I have an application where the maximum DC current is 160A. However in reality the actual current flow never exceeds 40A. I want to measure the current with an ADC (like one found on the Arduino or a higher resolution ~16 bit ADC). I originally wanted to use a hall effect sensor, specifically the ACS770ECB-200U-PFF-T.

Typically, my application uses around 5A. I am aiming for a .01A resolution. I looked at the sensitivity (mv/A) and thought I could get a higher resolution ADC to get more accurate current sensing. However when I looked at the data sheet it said the following:

The noise floor is derived from the thermal and shot noise
observed in Hall elements. Dividing the noise (mV) by the sensitivity
(mV/A) provides the smallest current that the device is able
to resolve.

This means that with the typical noise found in the datasheet of 6mv, and the sensitivity being 20mv/A, I would only get a .3A current resolution.
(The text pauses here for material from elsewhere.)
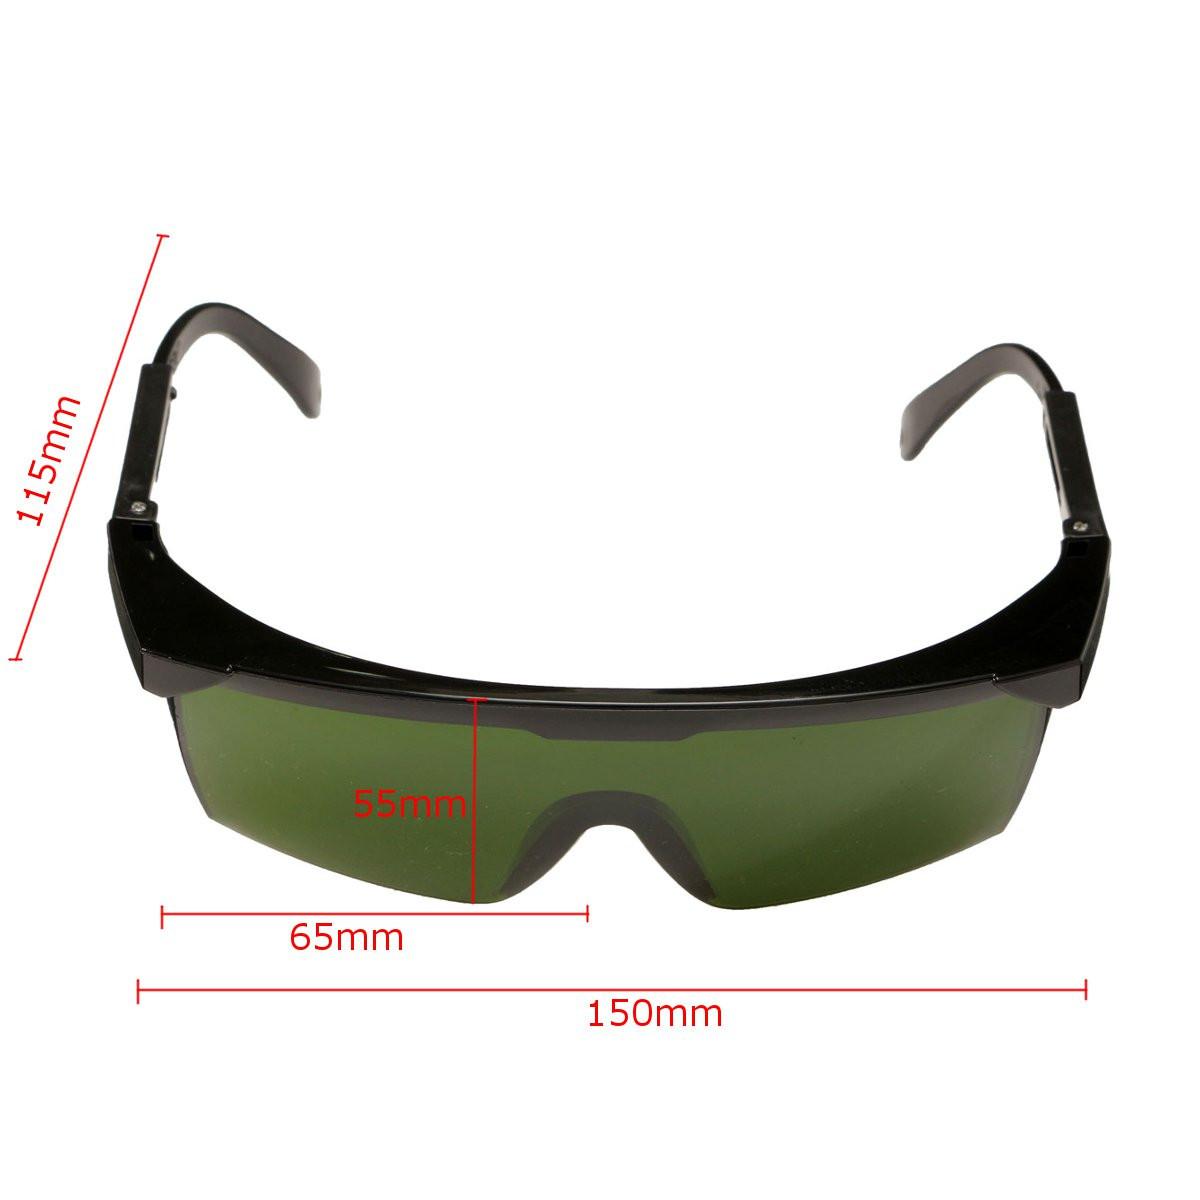 852ae48bc0a9ab Lunettes protection laser 200nm-2000nm de Glasses IPL-2 OD+4D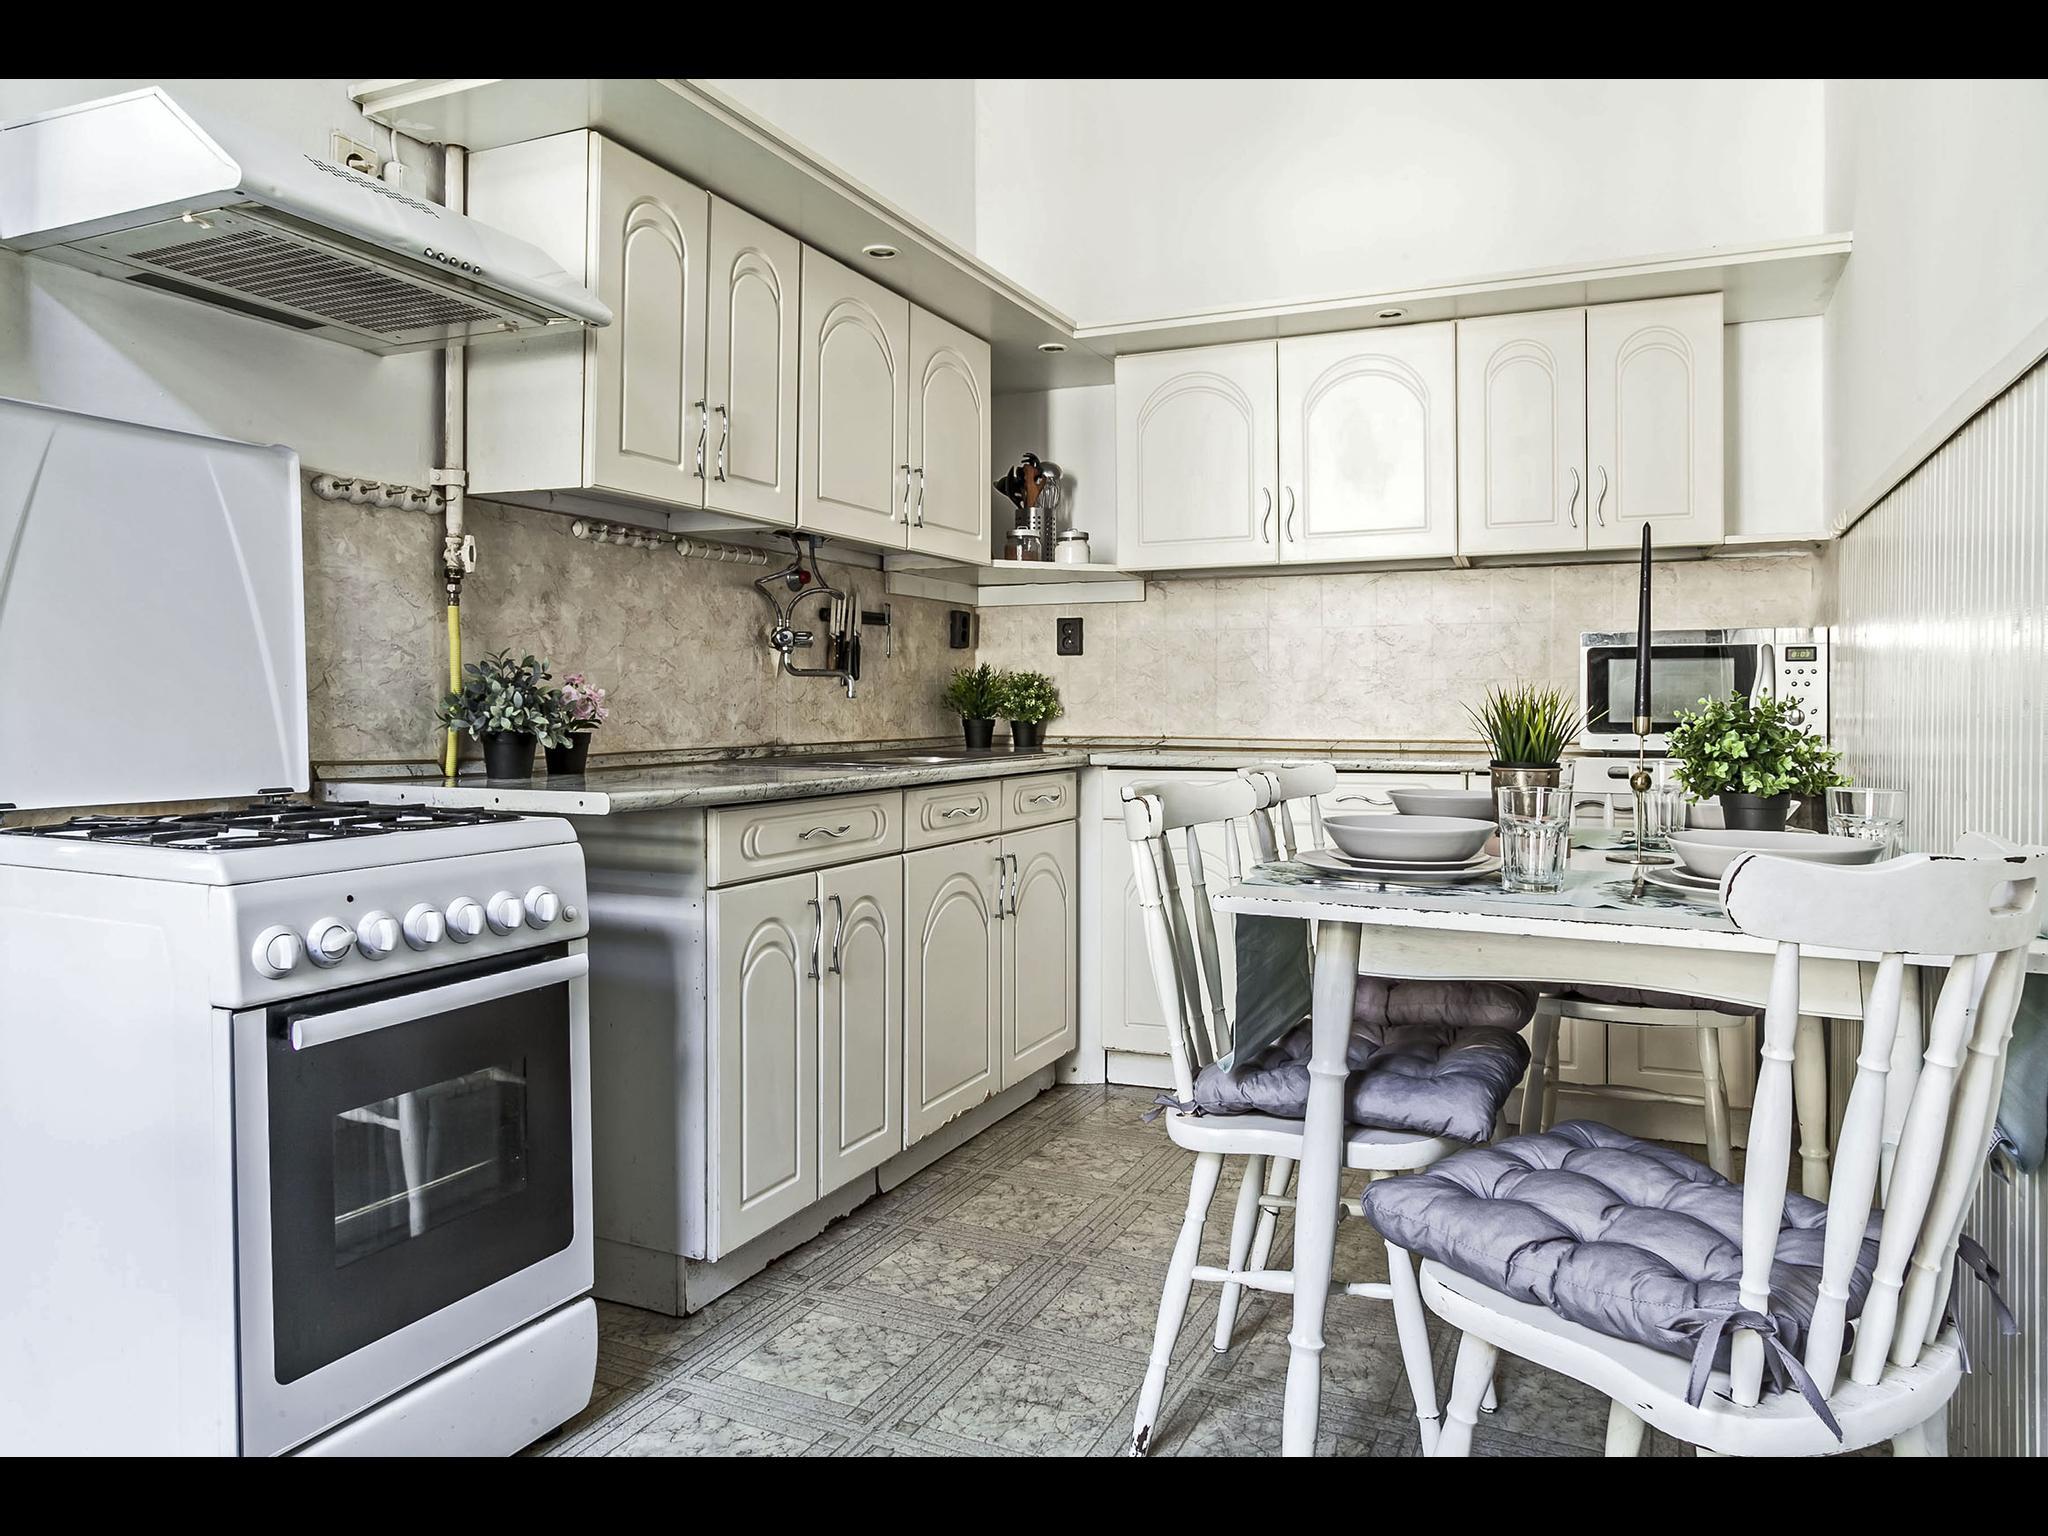 Erzsebet - Cozy bedroom rent in Budapest

Am I correct? How can I achieve a >.01A current resolution? I can use a shunt resistor if I have to, or a 50A current sensor instead. But the 50U version gives 20mv of typical noise and 80mv/A sensitivity, giving a 0.25A current resolution.

Also, is this noise the ripple voltage of the power supply for the current sensor?

I'm also a little confused as to what the datasheet means by bandwidth

120 kHz typical bandwidth

As I don't see what is oscillating.

Thank you for your time!

Best Answer

I'd recommend the ACS722 10AU sensor. However, you will likely not get the accuracy you want from a Hall effect device. A shunt resistor is always more accurate, but that comes at the cost of BOM lines and potentially more expensive amplifiers/current shunt's (at least at the very good sensitivities/very high currents). The integrated Hall-effect current sensor market is reducing module sizes and BOM cost by making compromises on total accuracy. If it works for your application, great, otherwise use a shunt resistor.

The bandwidth figure you see is the maximum current frequency the sensor can resolve.